**Requirement**
Reproduce every line of the data, exactly and without its pictures.

**Supplied material**
──────────────────────────────

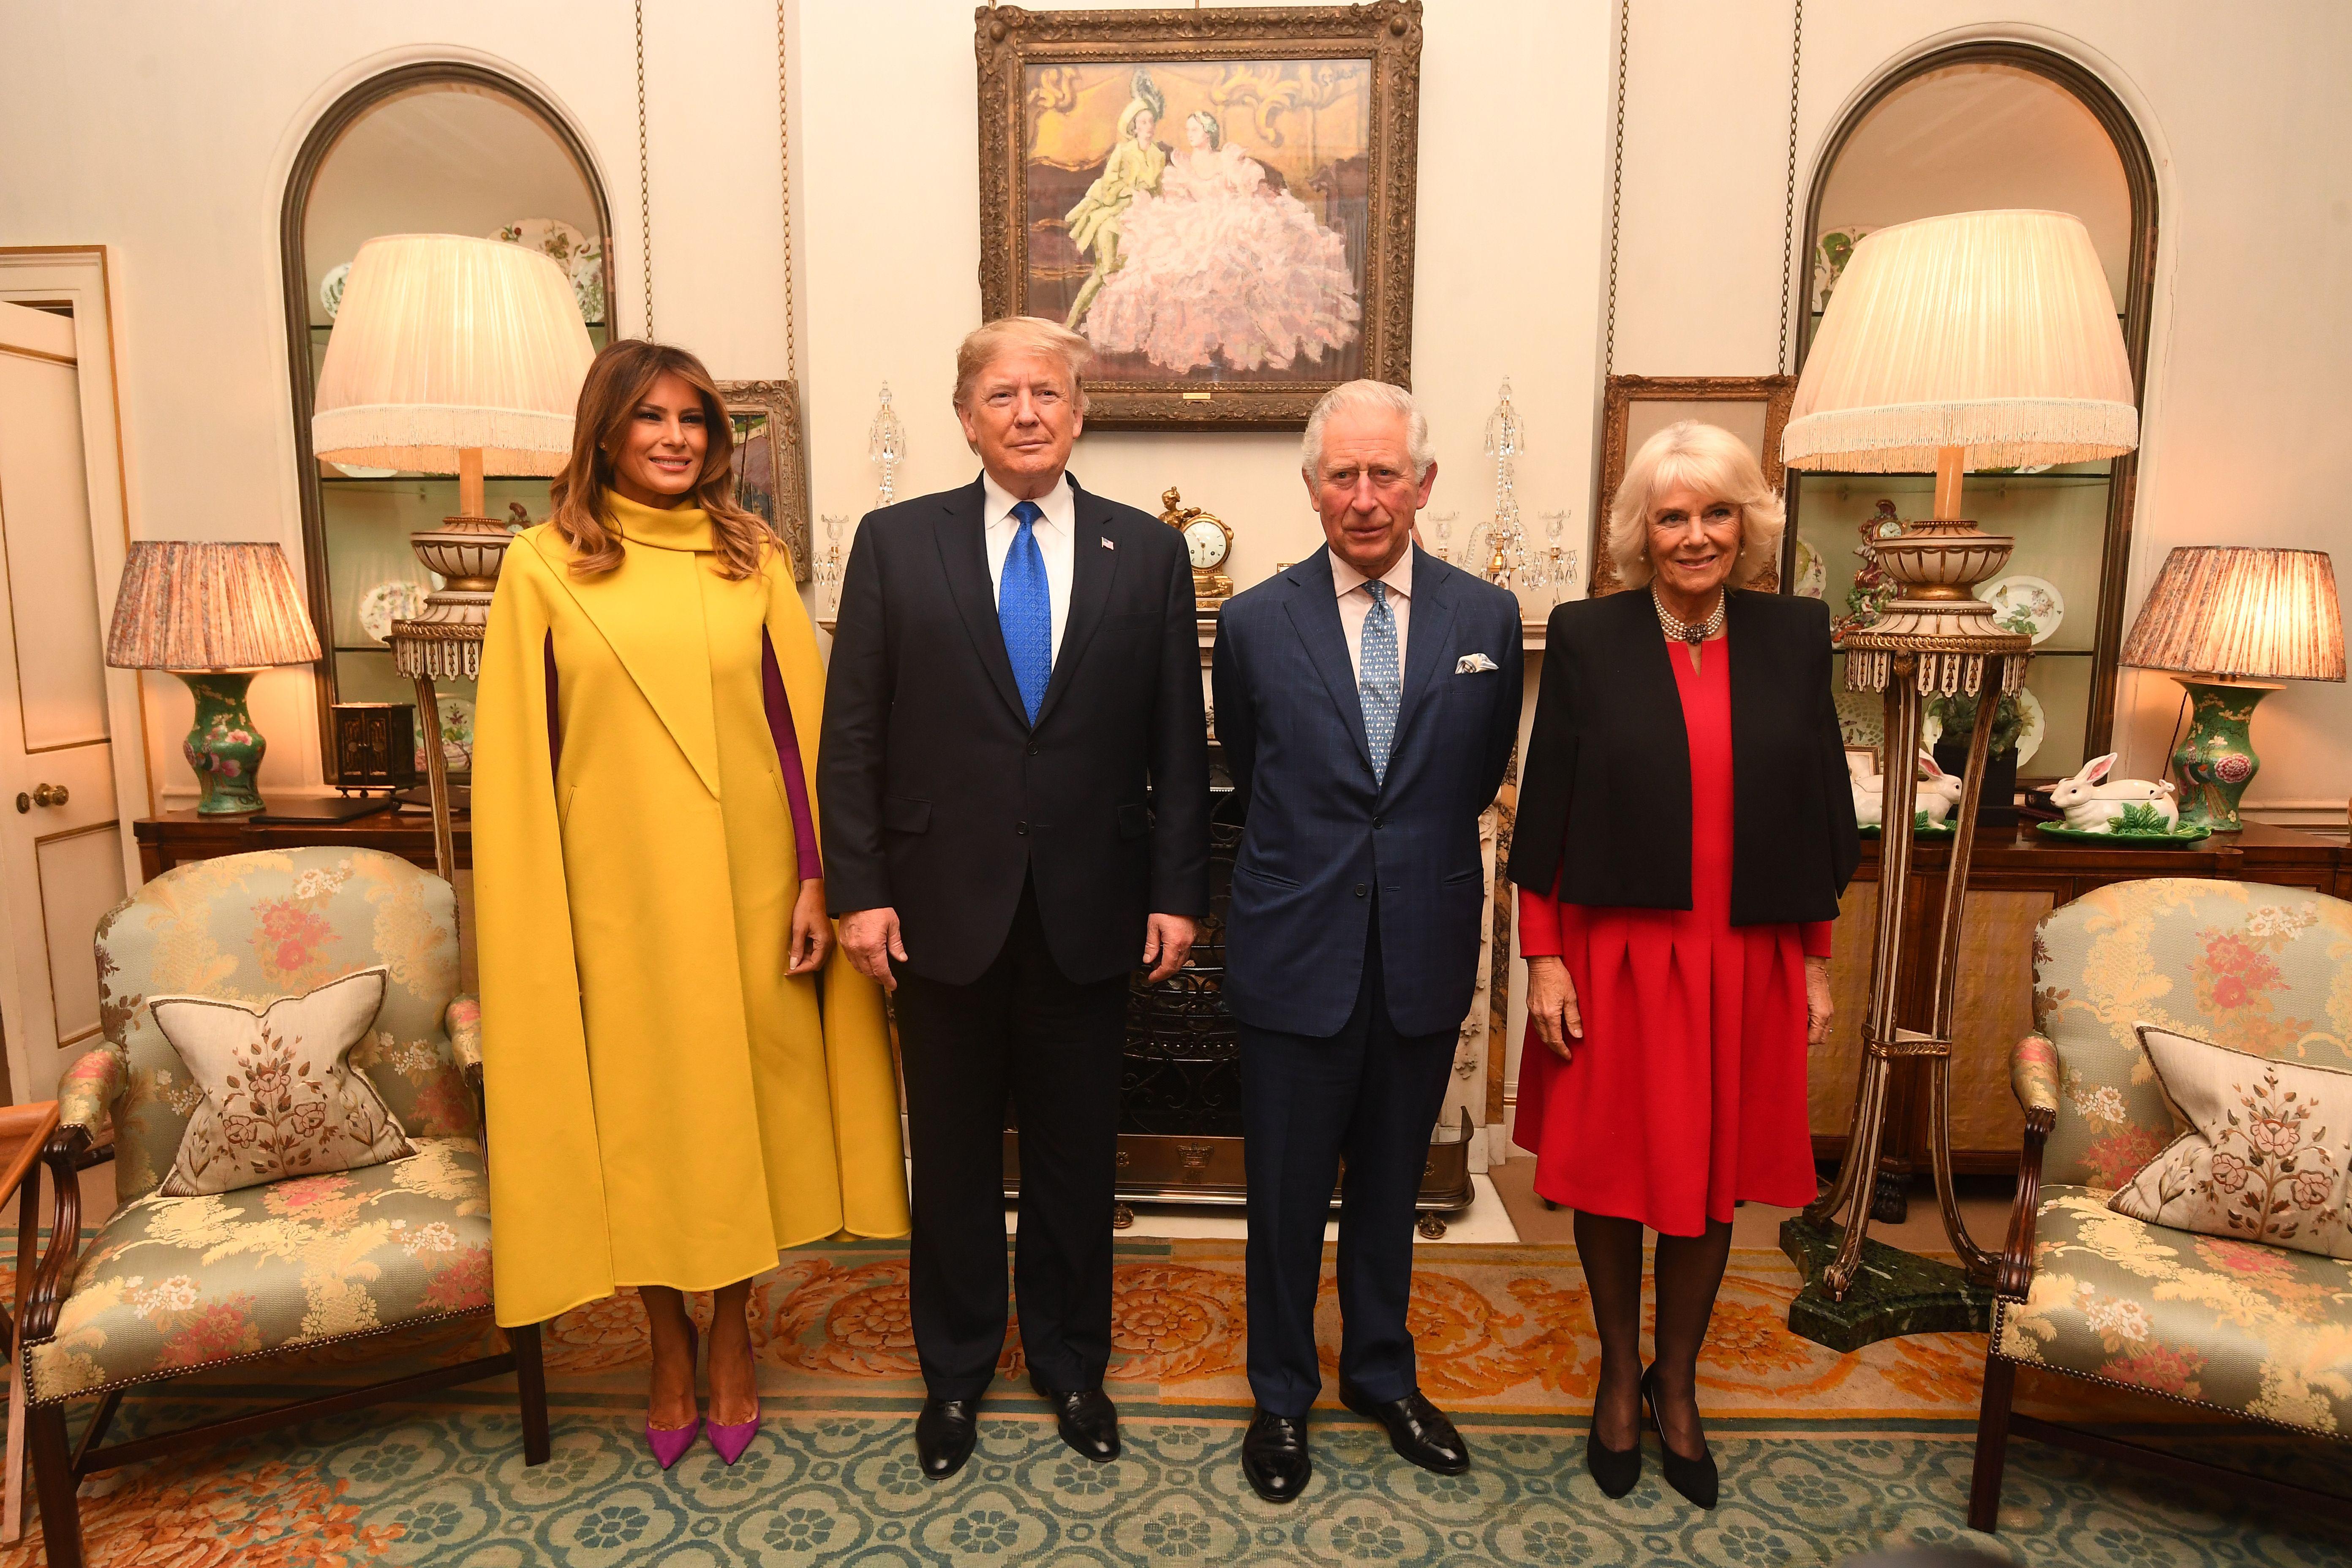 Britain's Prince Charles, Prince of Wales (2nd R) and Britain's Camilla, Duchess of Cornwall (R) meet US President Donald Trump (2nd L) and US First Lady Melania Trump (L) pose for a photograph at Clarence House in central London on December 3, 2019, ahead of the NATO alliance summit. - NATO leaders gather Tuesday for a summit to mark the alliance's 70th anniversary but with leaders feuding and name-calling over money and strategy, the mood is far from festive. (Photo by Victoria Jones / POOL / AFP) (Photo by VICTORIA JONES/POOL/AFP via Getty Images)
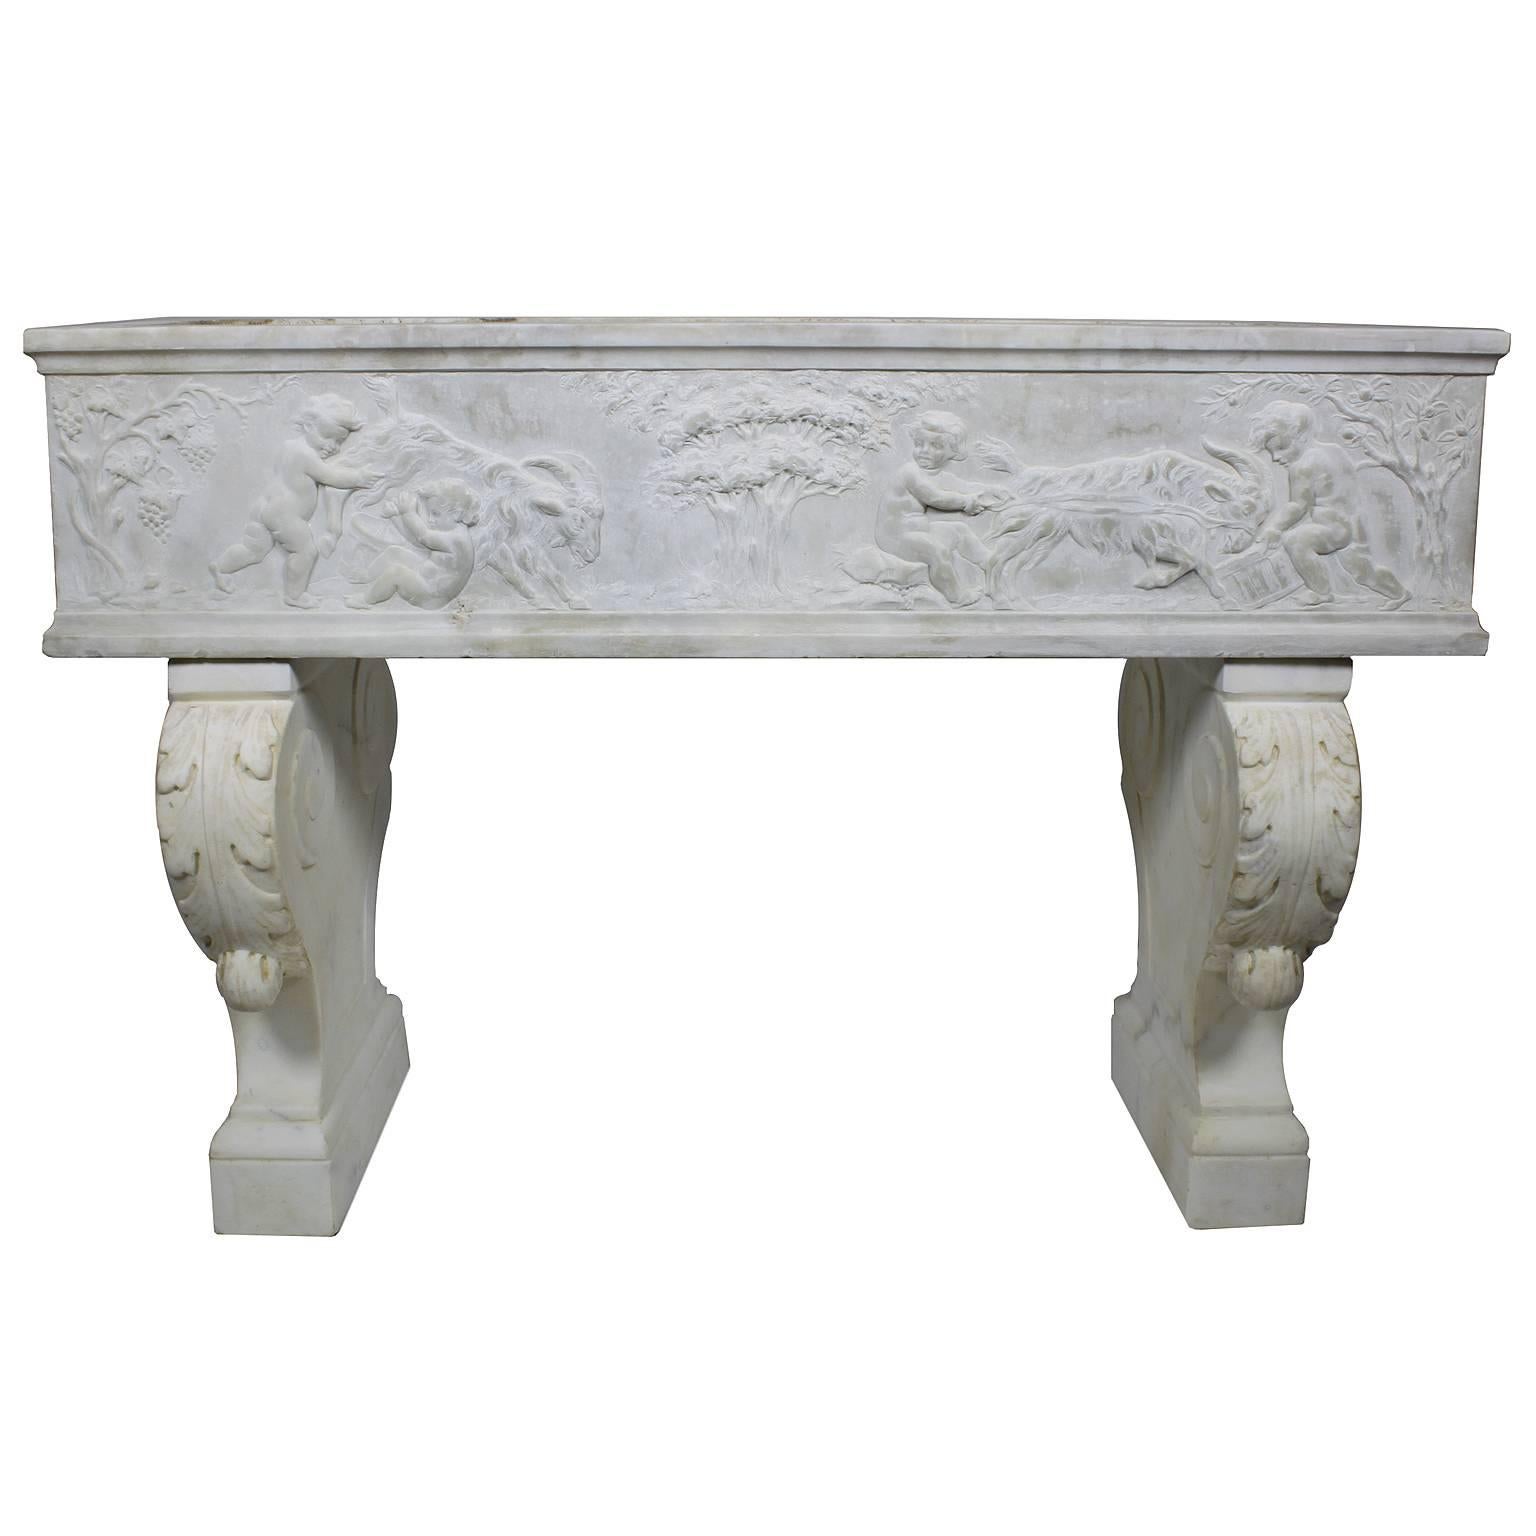 A fine French 19th century whimsical Rococo style white marble carved planter jardinière with figures of playful Putti 'Children' playing with a goats among trees and vines, raised on twin pedestal stands with acanthus leaves, Paris, circa
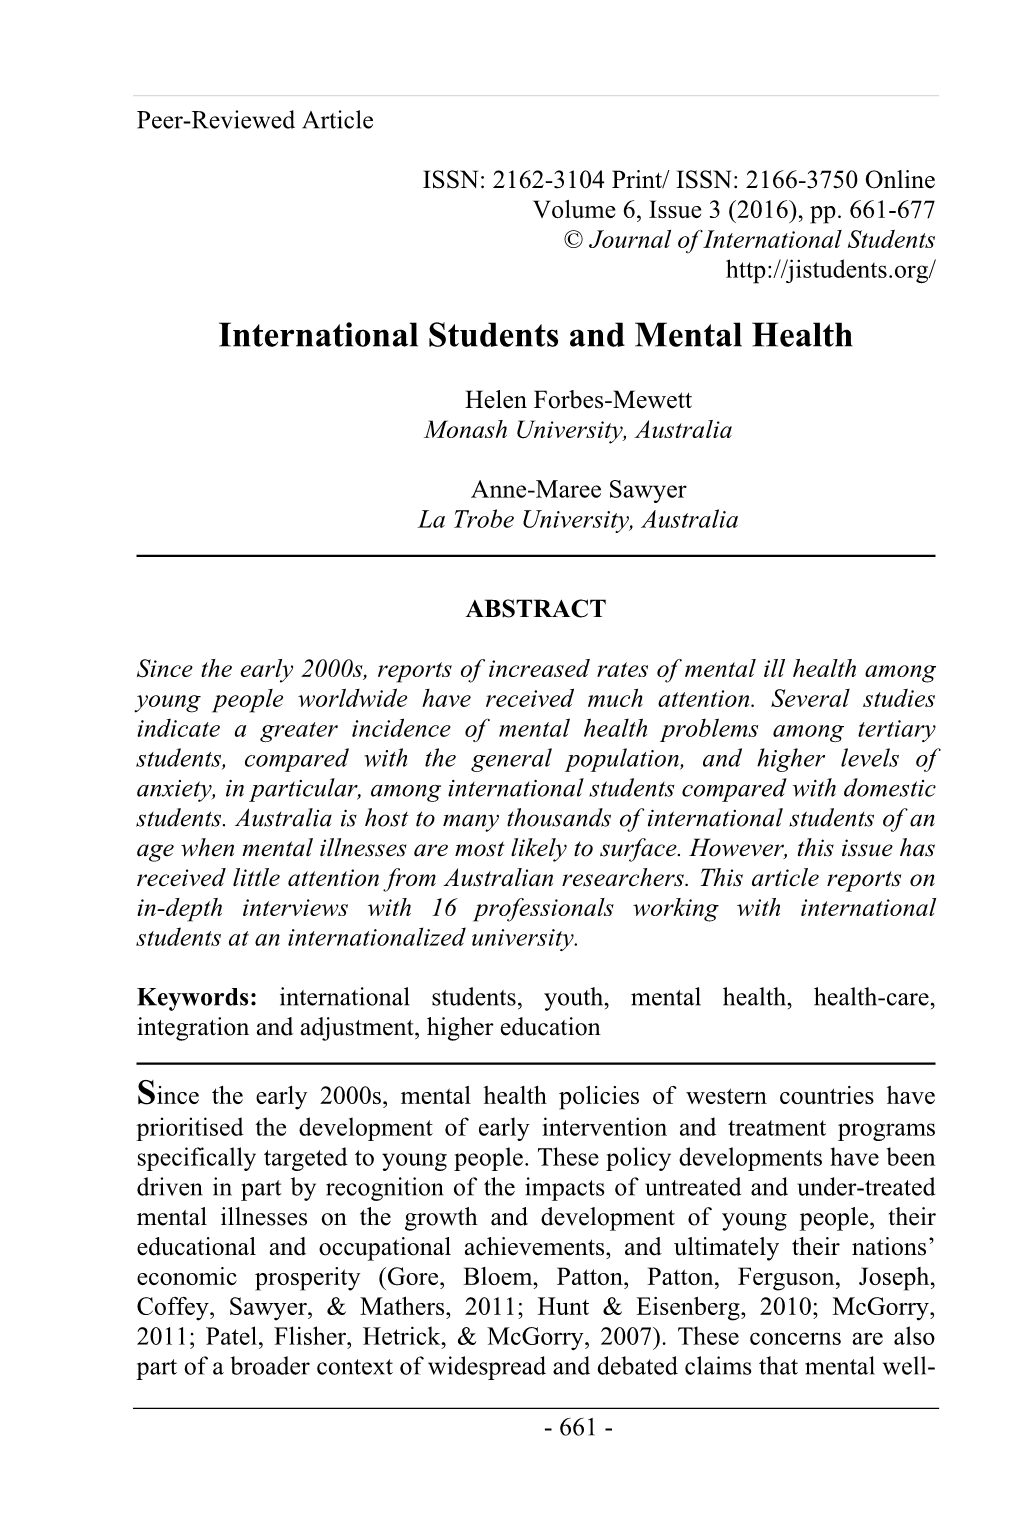 International Students and Mental Health

──────────────────────────────

**Solution for this task**
 Britain's Prince Charles, Prince of Wales (2nd R) and Britain's Camilla, Duchess of Cornwall (R) meet US President Donald Trump (2nd L) and US First Lady Melania Trump (L) pose for a photograph at Clarence House in central London on December 3, 2019, ahead of the NATO alliance summit. - NATO leaders gather Tuesday for a summit to mark the alliance's 70th anniversary but with leaders feuding and name-calling over money and strategy, the mood is far from festive. (Photo by Victoria Jones / POOL / AFP) (Photo by VICTORIA JONES/POOL/AFP via Getty Images)
 A fine French 19th century whimsical Rococo style white marble carved planter jardinière with figures of playful Putti 'Children' playing with a goats among trees and vines, raised on twin pedestal stands with acanthus leaves, Paris, circa
 International Students and Mental Health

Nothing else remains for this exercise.